# Completely Totally Lost



## jmw (Dec 5, 2012)

So, my husband and I have been together for 6 years. We dated for 2 years, and have been married just over 4. It's been a hilly road, to say the least.

When we met, I was pregnant with my oldest. He stuck with me, helped me when I thought I was going to give her up, but then stuck with me when I didn't. He even asked me to move in with him, and later that year he proposed to me in front of both of our entire families. The sex was always great, we resolved issues that came between us, and learned how to be a family.

We got married the next year. The whole time we were together, he struggled with anger issues but never once hit me, struck me, or harmed my daughter. He ended up adopting her as his own. Not a year after getting married, we started to argue over many things as most couples do. We'd fight, leave the house, stay at our parents for a while, but nearly never overnight. 

I in all honesty admit to having an emotional online affair. I confessed, he took me back. Another argument led me to wanting to leave but that night (or maybe a night or two after) we ended up conceiving our second daughter. I was sick the whole time. He was loving and supportive. She was beautiful and looked just like him.

A few months before her 1st birthday, his boss accidentally left her 6 month old in the car and the baby passed away. My husband was the one who found her when he was walking his boss out to their cars after work. It seriously, seriously screwed him up. I tried everything I could do to help him, get help, but he ended up losing that job and enlisted to start the fire academy. More tension built up and I went out with friends the night before he started the Academy. I told him who I would be with, and when I would be back. He said it was fine but when I got home, another fight. I left, stayed at a friends (he was not going to be home that night anyway). He texted me to please come home, that he needed me, and I didn't. Within a month, I moved out and back in with my parents. Within a week of that, I slept with someone else. We maintained joint custody of our kids and he blindsided me by filing for divorce without telling me. This whole time, he's not working because he has learning disabilities and going through the academy while working just wouldn't be possible. His mom helps him with money so it's doable.

I counter petitioned and felt miserable as I sat across the table during our mediation session with the attorneys. He even asked me out for lunch afterwards. It just didn't seem real. Realizing I loved him, but just didn't know how to deal with him, I came back. 

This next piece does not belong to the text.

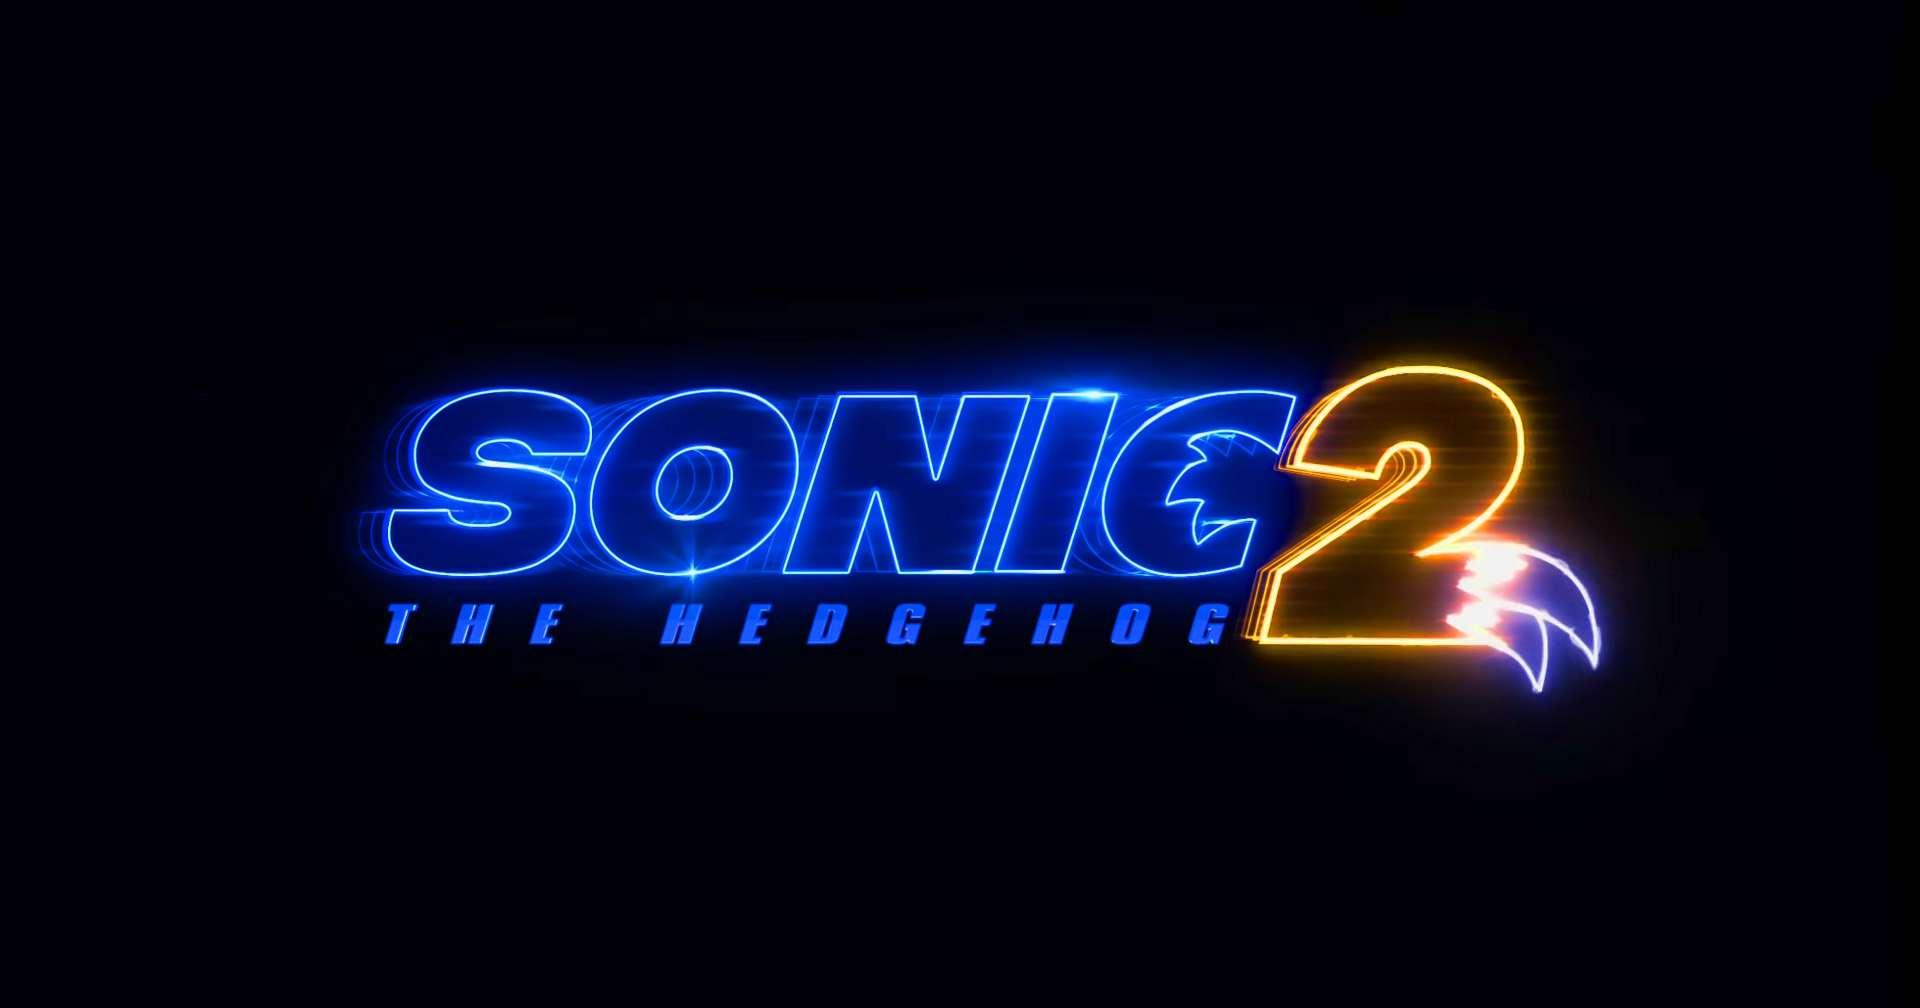 Paramount เผยกำหนดฉาย Sonic the Hedgehog 2 : มีเจ้า Tails มาเสริมทัพด้วย

We didn't go to counseling. We didn't talk about our issues. But I stayed by his side. I tried to adjust the behavior I know I needed to. But within another 6 months he was "done trying" and "nothing was ever going to change". By the time I had convinced him it could, and he was ready to come back, I told him I wanted him to leave. In August of this year, he left and moved in with HIS parents.

Being a single mom, yet again, had made me realize our issues aren't unfixable. We both make the mistakes of keeping things in until it blows up.

Now, after he has kissed another girl and told me he was trying to move on, he told me he can't come back "right now". That he's not ruling us out getting back together in the future, but that he needs to find himself. And that me sleeping with another person wasn't actually as damaging as I thought because he understood I became a mom young and got married young and curiosity was natural. And he needs time. He keeps telling me - give it time.

So my question is this - do I believe him? I know there's nothing I can do to change his feelings for me. So for the sake of our girls, I'm trying very hard to not lose it every waking minute of the day. Is all he really needs time, or is he just stringing me along because he doesn't want to hurt me that bad? He tells me things like he still feels something deep in him when he kisses me, and that when he kissed the other girl (who doesn't like him as more than a friend) that it didn't feel even close to that. Yet he also says he wants to move on from our marriage and that he can't wait to move out of his parents and back to the town I live in to his own apartment so he can be closer to our kids again. He was even over last night to go out to dinner with our kids because he feels "it's important to still do that". He texts me randomly throughout the day, calls when he gets off work even if it's late, but yet I know he will do stuff like go to strip clubs with his buddies and get dances and has a whole other life I'm just not a part of (he never went to clubs when we were together - ever).

Am I really another victim of just waiting it out and seeing what time does? I feel like everything I want to do is what I shouldn't do but I'm still in love with him. I know we can fix it. I know we can do it. But I have no idea how to show him we can.

Thanks in advance for your understanding.


----------